If DictWords.Exists(sChain) Then
MatchCount = MatchCount + 1
DictMatches.Add DocToCheck.Range(CurWord.Start, CurWord.Next(wdWord, ChainLenth - 1).End), MatchCount
Else
DictWords.Add sChain, sChain
End If
End If
End If
Next CurWord
' If we found any matching results, then return that list, otherwise return nothing (to be caught by the calling function).
If DictMatches.Count > 0 Then
Set FindRepeatingWordChains = DictMatches
Else
Set FindRepeatingWordChains = Nothing
End If
End Function
I have tested this on a 258 page document (TheStory.txt) from this source, and it ran in just a few minutes.
See the test() sub for usage.
You will need to reference the Microsoft Scripting Runtime to use the Scripting.Dictionary objects. If that is undesirable, small modifications can be made to use Collections instead, but I prefer the Dictionary as it has the useful .Exists() method.
I chose a rather lame theory, but it seems to work (at least if I got the question right cuz sometimes I'm a slow understander).
I load the entire text into a string, load the individual words into an array, loop through the array and concatenate the string, containing each time three consecutive words.
Because the results are already included in 3 word groups, 4 word groups or more will automatically be recognized.
Option Explicit
Sub Find_Duplicates()
On Error GoTo errHandler
Dim pSingleLine As Paragraph
Dim sLine As String
Dim sFull_Text As String
Dim vArray_Full_Text As Variant
Dim sSearch_3 As String
Dim lSize_Array As Long
Dim lCnt As Long
Dim lCnt_Occurence As Long
'Create a string from the entire text
For Each pSingleLine In ActiveDocument.Paragraphs
sLine = pSingleLine.Range.Text
sFull_Text = sFull_Text & sLine
Next pSingleLine
'Load the text into an array
vArray_Full_Text = sFull_Text
vArray_Full_Text = Split(sFull_Text, " ")

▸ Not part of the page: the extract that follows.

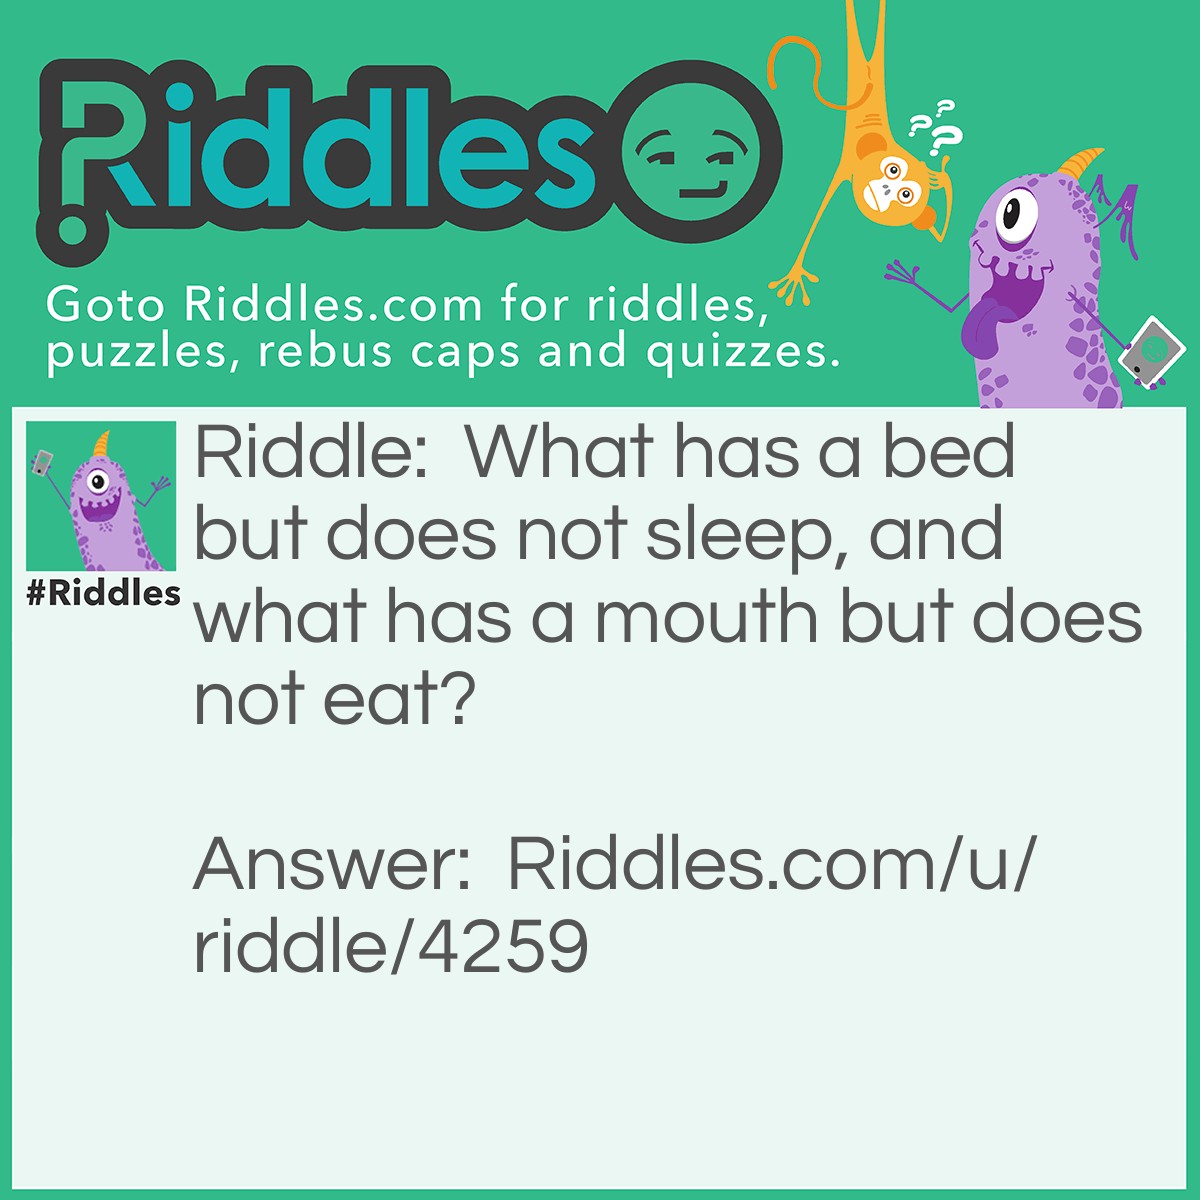 Riddle: What has a bed but does not sleep, and what has a mouth but does not eat? Answer: A river.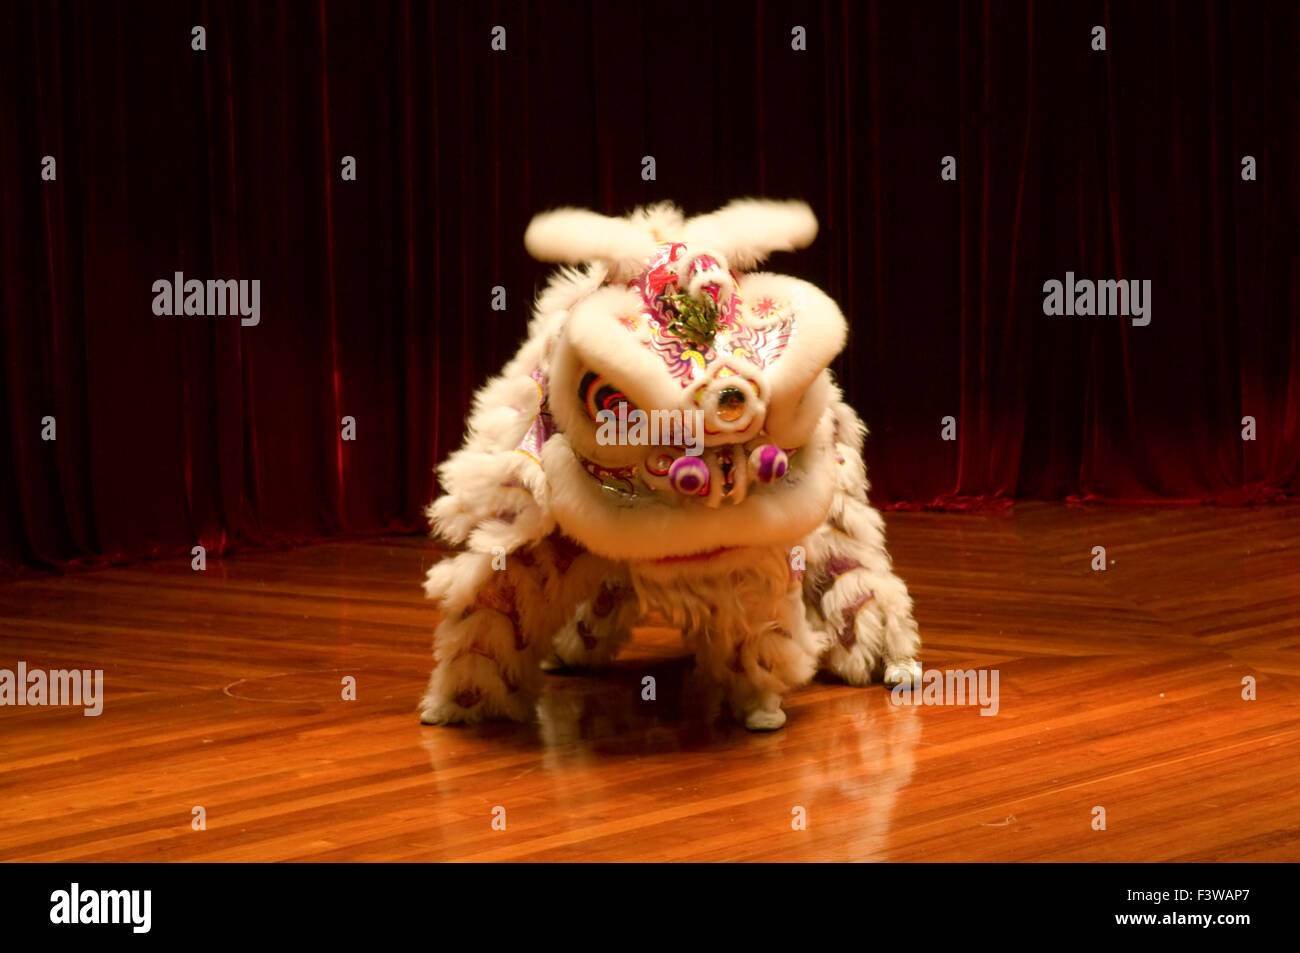 The traditional Chinese lion dance on stage Stock Photo

lSize_Array = UBound(vArray_Full_Text)
For lCnt = 1 To lSize_Array - 1
lCnt_Occurence = 0
sSearch_3 = Trim(fRemove_Punctuation(vArray_Full_Text(lCnt - 1) & _
" " & vArray_Full_Text(lCnt) & _
" " & vArray_Full_Text(lCnt + 1)))
With Selection.Find
.Text = sSearch_3
.Forward = True
.Replacement.Text = ""
.Wrap = wdFindContinue
.Format = False
.MatchCase = False
Do While .Execute
lCnt_Occurence = lCnt_Occurence + 1
If lCnt_Occurence > 1 Then
Selection.Range.Font.Color = vbRed
End If
Selection.MoveRight
Loop
End With
Application.StatusBar = lCnt & "/" & lSize_Array
Next lCnt
errHandler:
Stop
End Sub
Public Function fRemove_Punctuation(sString As String) As String
Dim vArray(0 To 8) As String
Dim lCnt As Long
vArray(0) = "."
vArray(1) = ","
vArray(2) = ","
vArray(3) = "?"
vArray(4) = "!"
vArray(5) = ";"
vArray(6) = ":"
vArray(7) = "("
vArray(8) = ")"
For lCnt = 0 To UBound(vArray)
If Left(sString, 1) = vArray(lCnt) Then
sString = Right(sString, Len(sString) - 1)
ElseIf Right(sString, 1) = vArray(lCnt) Then
sString = Left(sString, Len(sString) - 1)
End If
Next lCnt
fRemove_Punctuation = sString
End Function
The code assumes a continuous text without bullet points.